You guys are the same type who complain about women being on their phones all the time. Here's someone who isn't, and now she's a liar?

 

Damn. She can't win.

 

we're not assuming. we're stating facts.

 

again, it takes 10 seconds to type a text. you are the one assuming.

 

no one is so busy that their day cannot spare 10 seconds.

 

you want to assume to defend her and are giving us a straw man to do it.

Posted (edited)

no one is so busy that their day cannot spare 10 seconds.

 

you want to assume to defend her and are giving us a straw man to do it.

 

Drop the strawman talk.. it is very weak and makes your points about "Facts" weaker..

 

Imajerk has got a good feel for something that could be happening and if he is right then a person giving a reply to a text a higher priority over being with their sick Dad doesn't make sense and the "Facts" then would be that they wouldn't reply..

 

I'm assuming since you are posting facts that you have experience in replying to text messages while taking care of a parent that has a health issue all the while traveling on the weekend to take care of them ?

 

By the way.. they aren't "Dating".. they met up and had a good evening together..

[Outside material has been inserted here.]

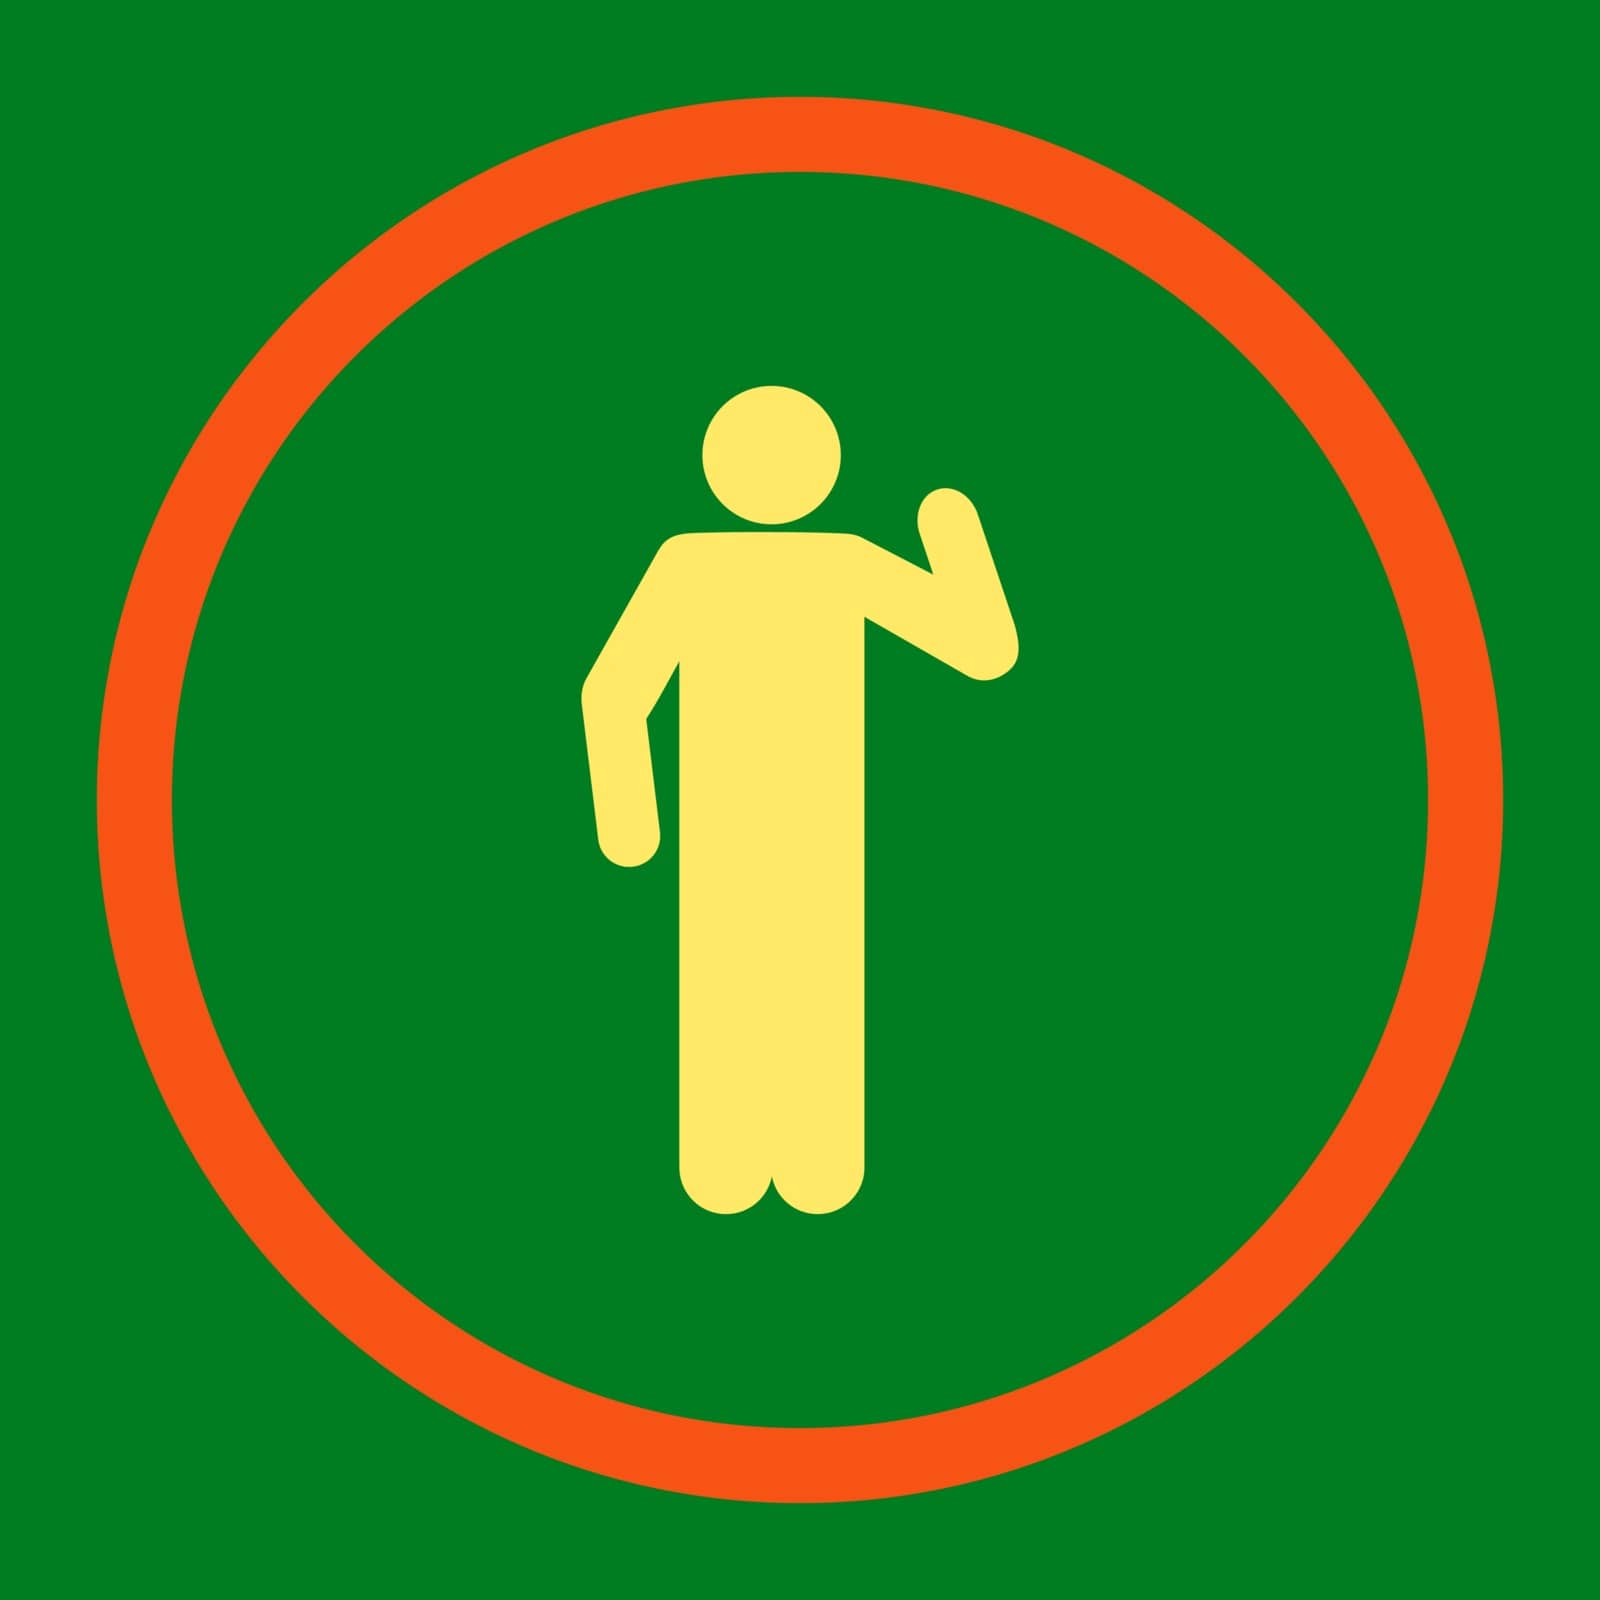 Opinion vector icon. This rounded flat symbol is drawn with orange and yellow colors on a green background.

There isn't a relationship yet between them yet..

 

 

But I'm not sure how much she is feeling it beyond "being friends". See the above bolded. If she were, she'd probably be more proactive about making time to hang out again, instead of waiting to "catch up sometime when things settle down".

 

It could be a friendzone type of thing happening too.. but then she did get back with him and straighten out why she didn't reply.

Edited by Art_Critic
Posted

it doesn't matter whether there's a relationship or not. we're talking common courtesy. doesn't matter whether it's a man, woman, friend, co-worker, whatever.

 

give me someone's name who is "too busy" to send a text and i'll show you where she posted sh*t on facebook/twitter throughout the day that she was "too busy", guaranteed.

Posted

It's all about priorities.

 

If you aren't that important to a woman, she won't be checking her phone looking for your text or VM. And even if she did see a text you sent her she may be doing other things that are more important to her and just not reply.

 

It also seems that some women are not good at multi-tasking so they tell themselves that they will get back to your message when they have time, not really thinking that it takes two seconds to send a message that they are busy. And if they did decide to address your message at a later time, they may forget to do so.

 

It's all getting back to how important you are to them.

 

One thing I figured out, is that if a girl isn't doing much when you send her a message she has a higher chance of reading it and replying. So I tend to send messages later on at night when there is a smaller chance that she's busy. That way she won't 'forget' to reply.

Posted
we're not assuming. we're stating facts.

 

again, it takes 10 seconds to type a text. you are the one assuming.

 

no one is so busy that their day cannot spare 10 seconds.

 

you want to assume to defend her and are giving us a straw man to do it.

 

It is not a fact that she was blowing him off or that she even saw his texts when he sent them. You are not in her head, and you have no logical basis to claim something as a fact (such as her intentions in the matter, or that she saw the texts in a so-called timely manner) that is only your opinion.

 

By contrast, it IS a fact that she texted him three times in quick succession to apologize and explain.

 

Thus, you do not properly understand the definition of a fact. I have noticed that you enjoy stating things as facts that are only your personally, strongly held viewpoints. You might want to rethink that, because it weakens your arguments.

 

You are, of course, free to live your life however you want, but why infect other people with your misery? Does misery truly love company that much?